Whitaker blames booze companies for this increased consumption. "Very smart people with assloads of money, ability and access do good from … our assertive that drinking is an human action of empowerment for women, instead of what information technology is: a drug designed to go along u.s.a. downwardly, no matter how much we beverage," she writes. For instance, there's the glorification of "wine o'clock" – where women are encouraged to relax with some difficult-earned drinks afterward a hectic day. Advert campaigns focus on cosy girls' nights in, while busy parents refer to their daily glass of pinot grigio every bit "mummy juice".
Baileys sponsored the Women'southward prize for fiction between 2014 and 2017 while Budweiser is a partner of the England women's football team. Smirnoff'due south Equalising Music initiative has been promoting gender equality in the music industry while Diageo, the alcoholic-drinks company (which owns Baileys and Smirnoff) is an official supporter of International Women's Day. This can backfire: BrewDog, a brewery based in Scotland, was derided later it relaunched its Punk IPA as Pink IPA, and called it "beer for girls".
So there's the threat it poses to women's condom. "It'south the No 1 date rape drug," says Whitaker. "It is tied to sexual assault and a big portion of domestic violence. Information technology's something that nosotros use without understanding the consequences of it."

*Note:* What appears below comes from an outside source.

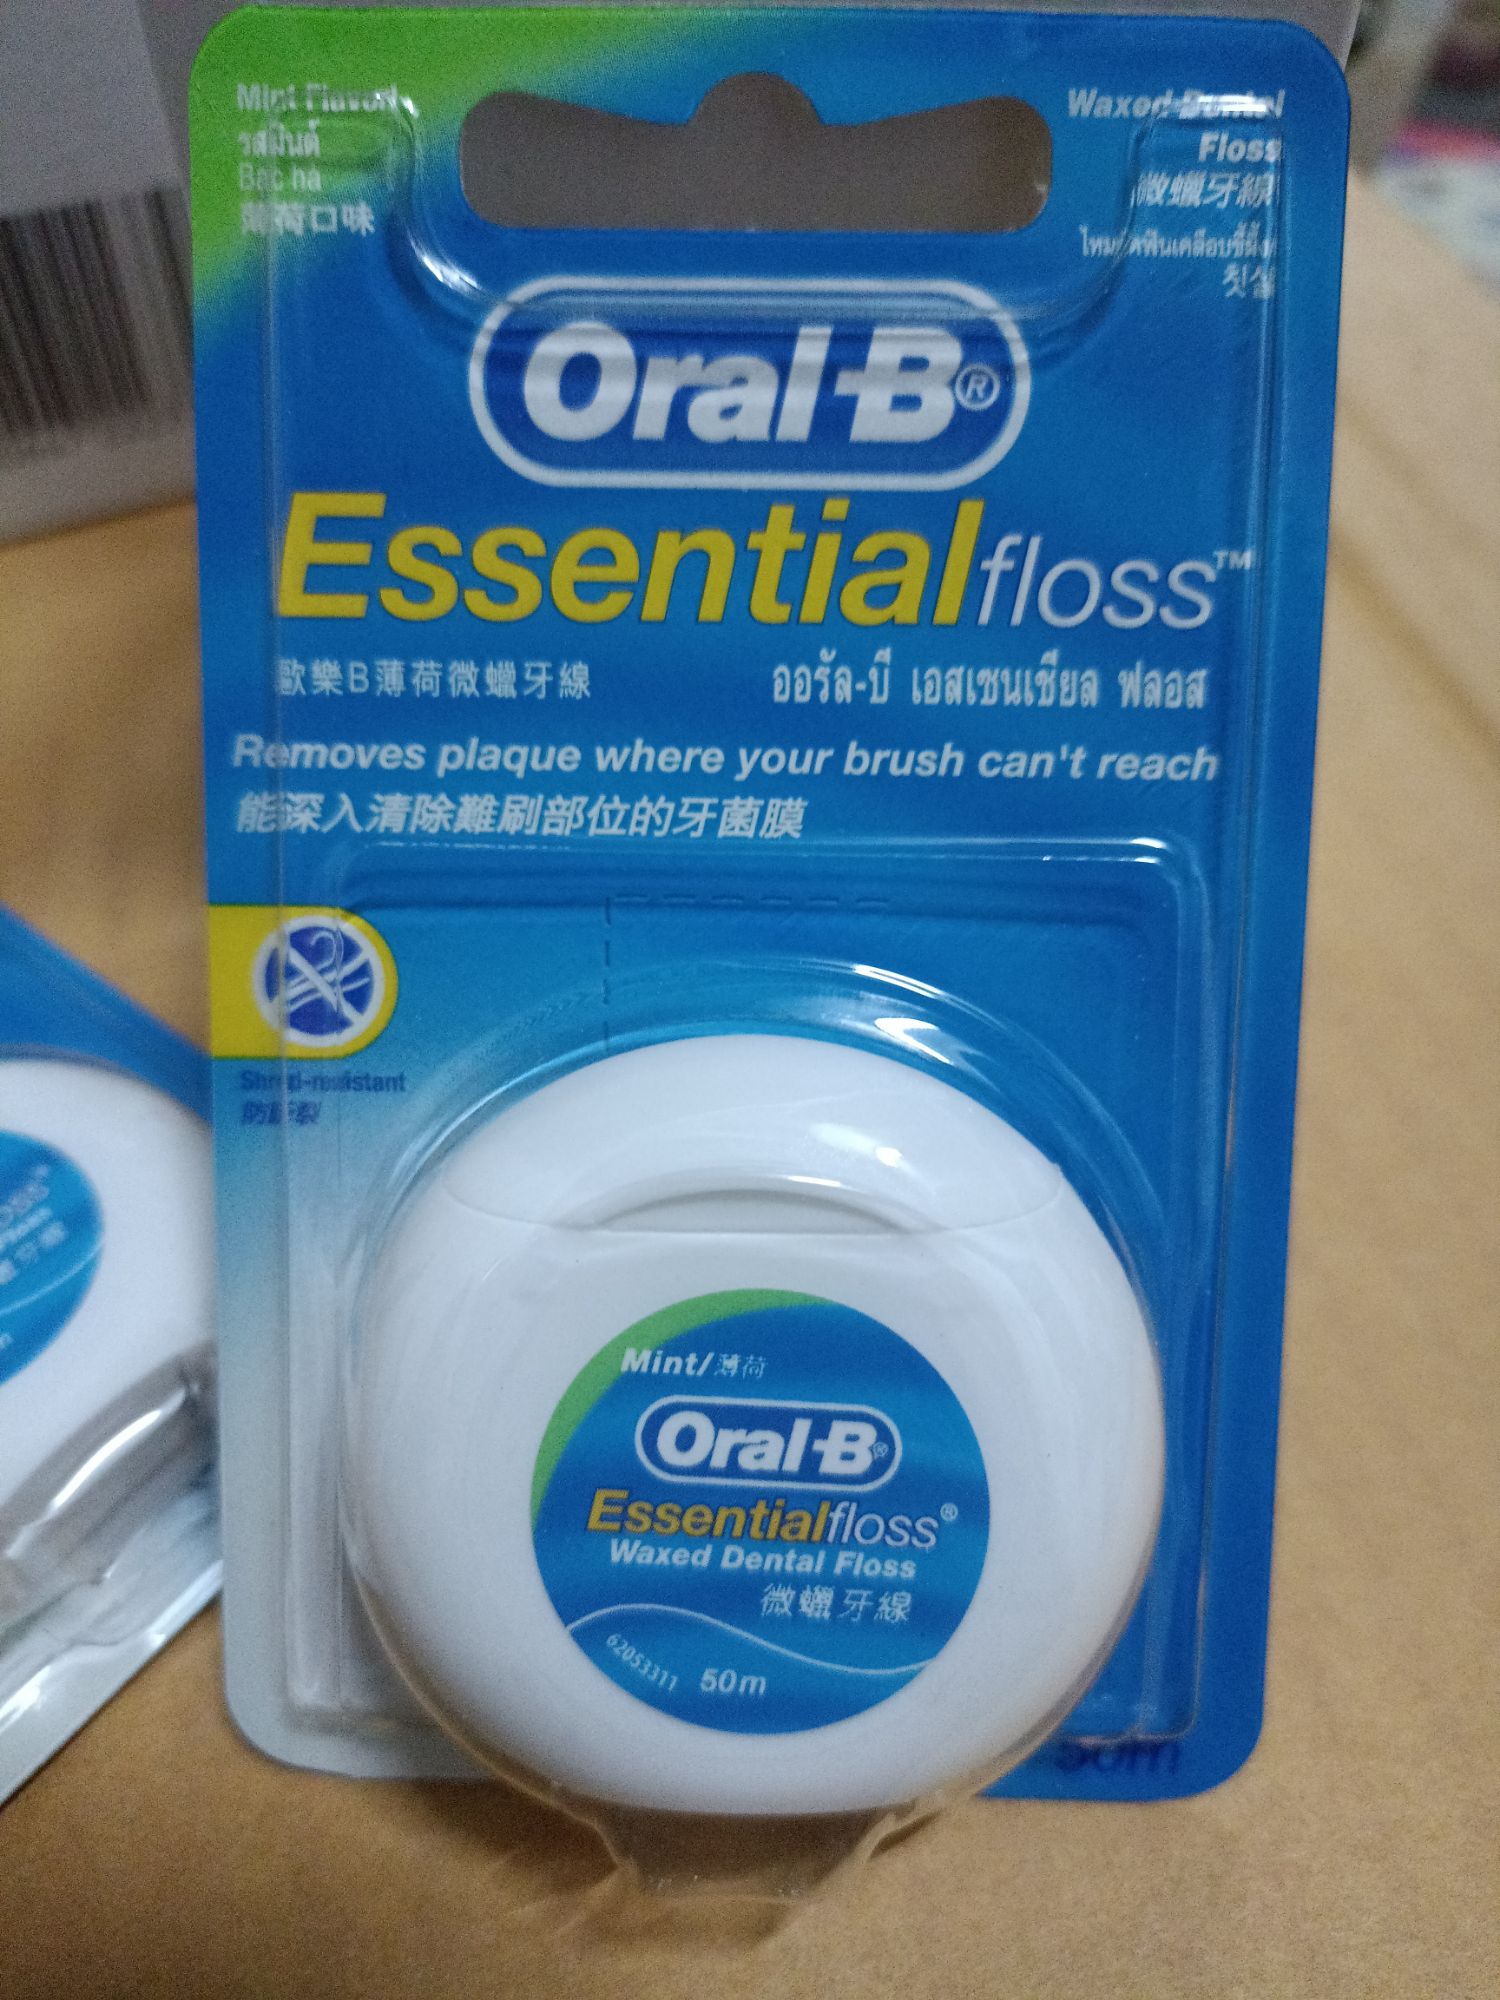 ไหมขัดฟันOral-B Essential floss 50 m

A 2005 report into drug-facilitated sexual attack found that alcohol was the most ordinarily used substance in more than than 1,000 cases. Home Office figures from 2013/xiv revealed that 36% of domestic violence incidents were alcohol-related. For Whitaker, a patriarchal society has created an unbearable bind for women that drives many to drink. "There is this essential quality to a woman's existence where our roles are carved out for us. We are swimming in this cesspool of our own subservience. We know what we should look like. We know all of these things most what it means to brand it.
"'Making information technology' looks like having a specific career, a wedlock, being a mother or having all of those things and balancing them. If we can't or if we don't even fit into that picture, there'southward just this sense of consistently growing upwards with a wrongness. Trying to go what we're told we should become leads to an impossible situation that we have to manage with other external tools like drinking, drugs or food to make information technology piece of work."

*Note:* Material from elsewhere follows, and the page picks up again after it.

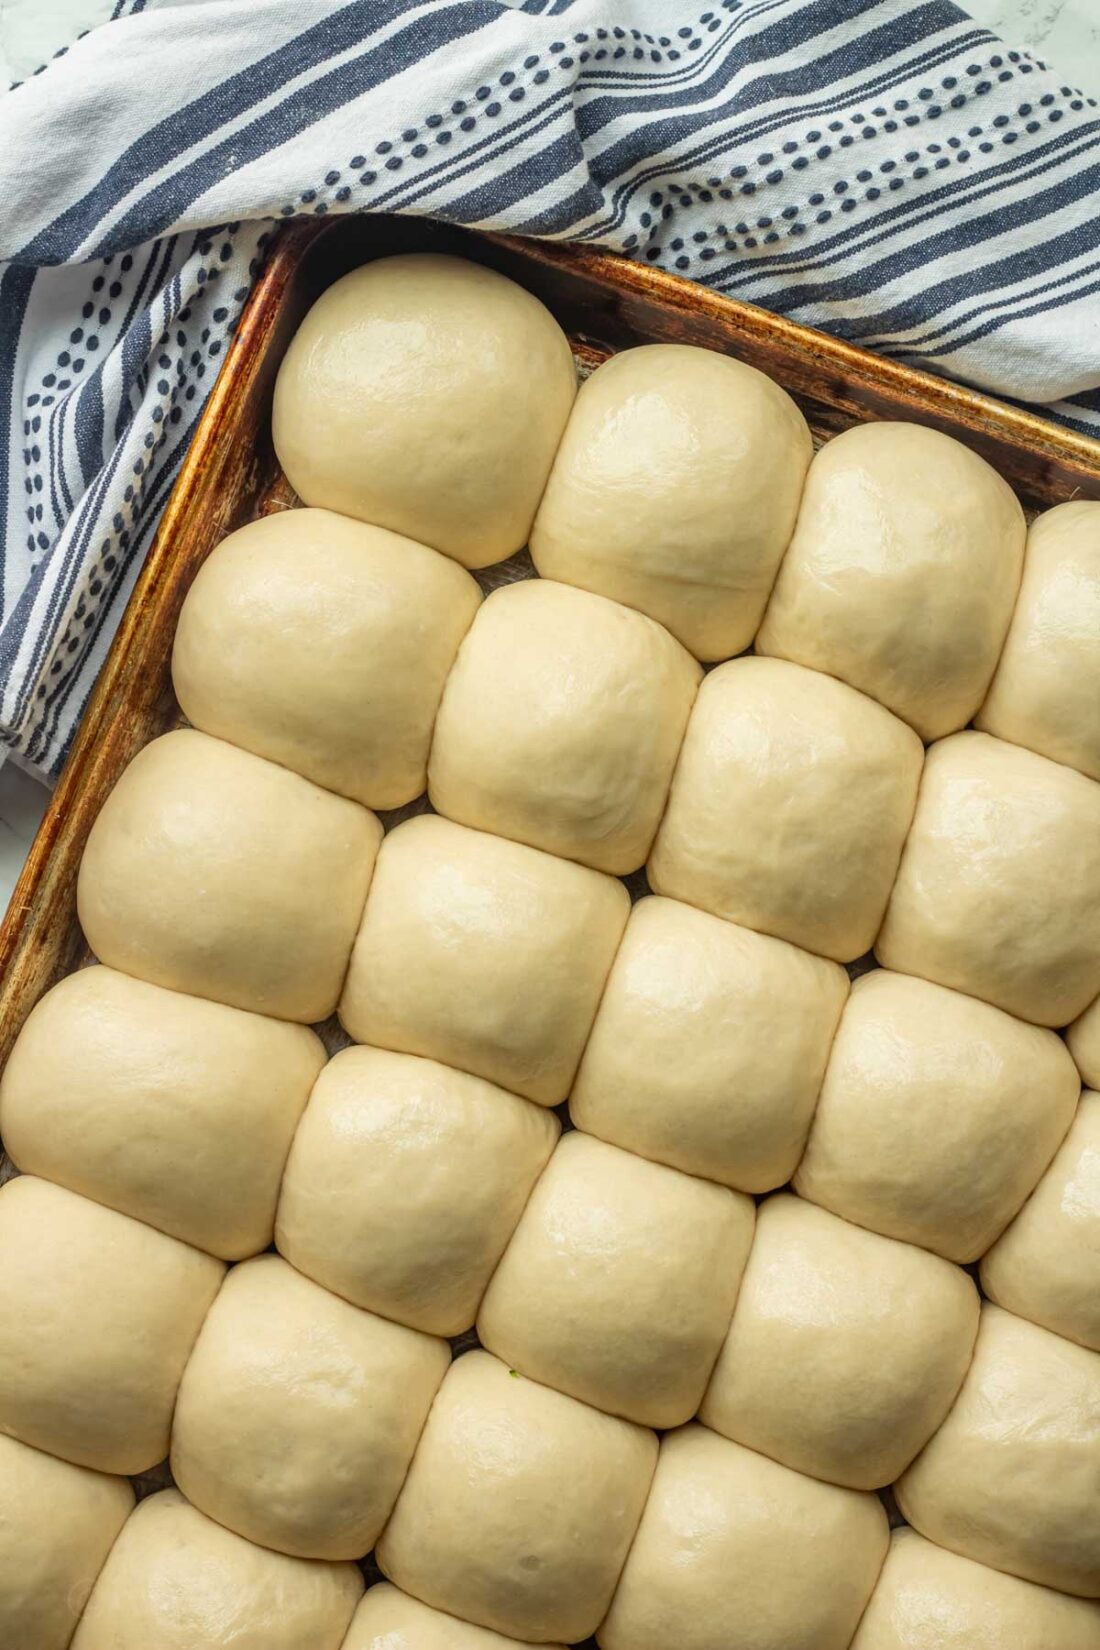 Risen raw rolls in rows on metal baking pan.

Booze, she is convinced, volition become the way of cigarettes. One time considered an innocuous habit, smoking is now banned in enclosed public spaces and packets come with graphic health warnings. But until then "there'southward a very large industry run by men where women and other demographics are targeted specifically, in means that tell us that drinking is normal. If y'all can't drink, information technology's your error."
For now, Whitaker is content. She is not looking for annihilation or anyone to make full the void. Addiction, she says, is the all-time matter that ever happened to her. "This was an opportunity to look at the ways that I was in pain. It immune me to unpack that and to start to heal."

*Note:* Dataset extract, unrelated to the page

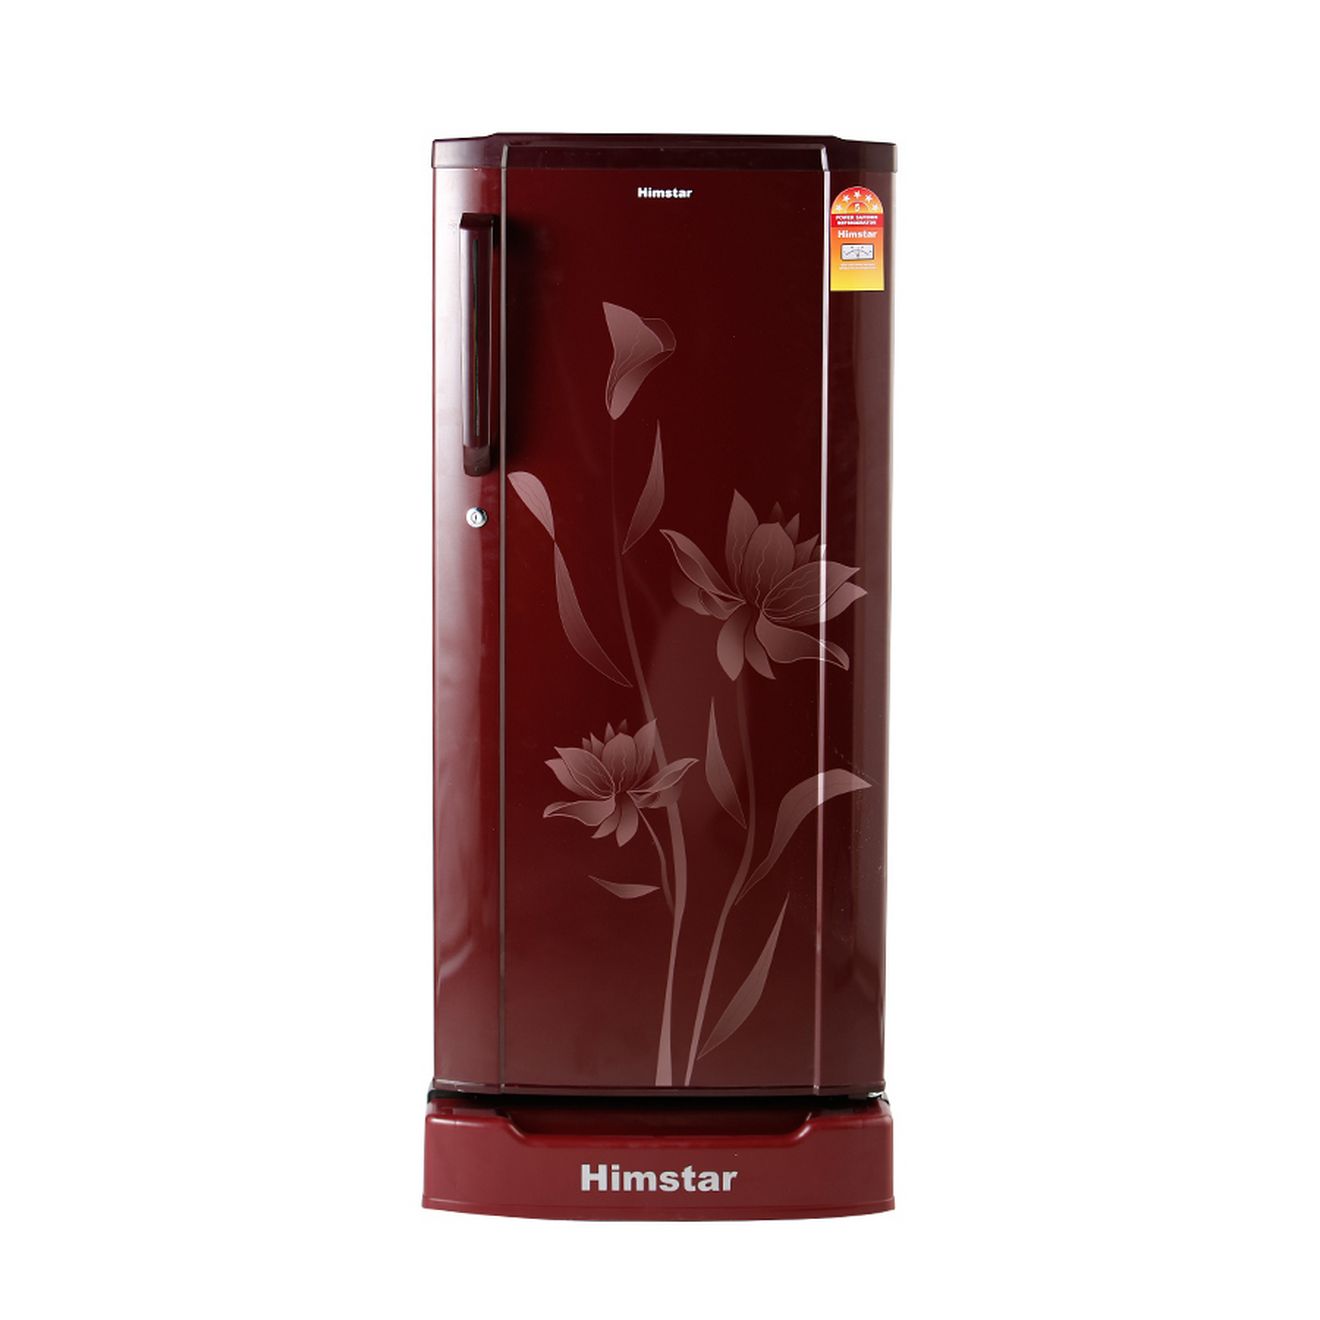 Himstar refrigerator price in nepal

It took her six months to get sober, and she has not had a drink since 2013. Has she e'er been tempted to relapse? "I can say with certainty, I'll never take a drink again. I don't desire to. I prefer this and so much more. Alcohol is merely a cheap substitute for real life."
Quit Similar a Woman by Holly Whitaker is published by Bloomsbury (£14.99). To purchase a copy for £13.nineteen with free United kingdom p&p for orders over £twenty, visit guardianbookshop.com or telephone call 0203 176 3837. The charity Alcohol Change UK (alcoholchange.org.uk) offers advice on issues related to drinking.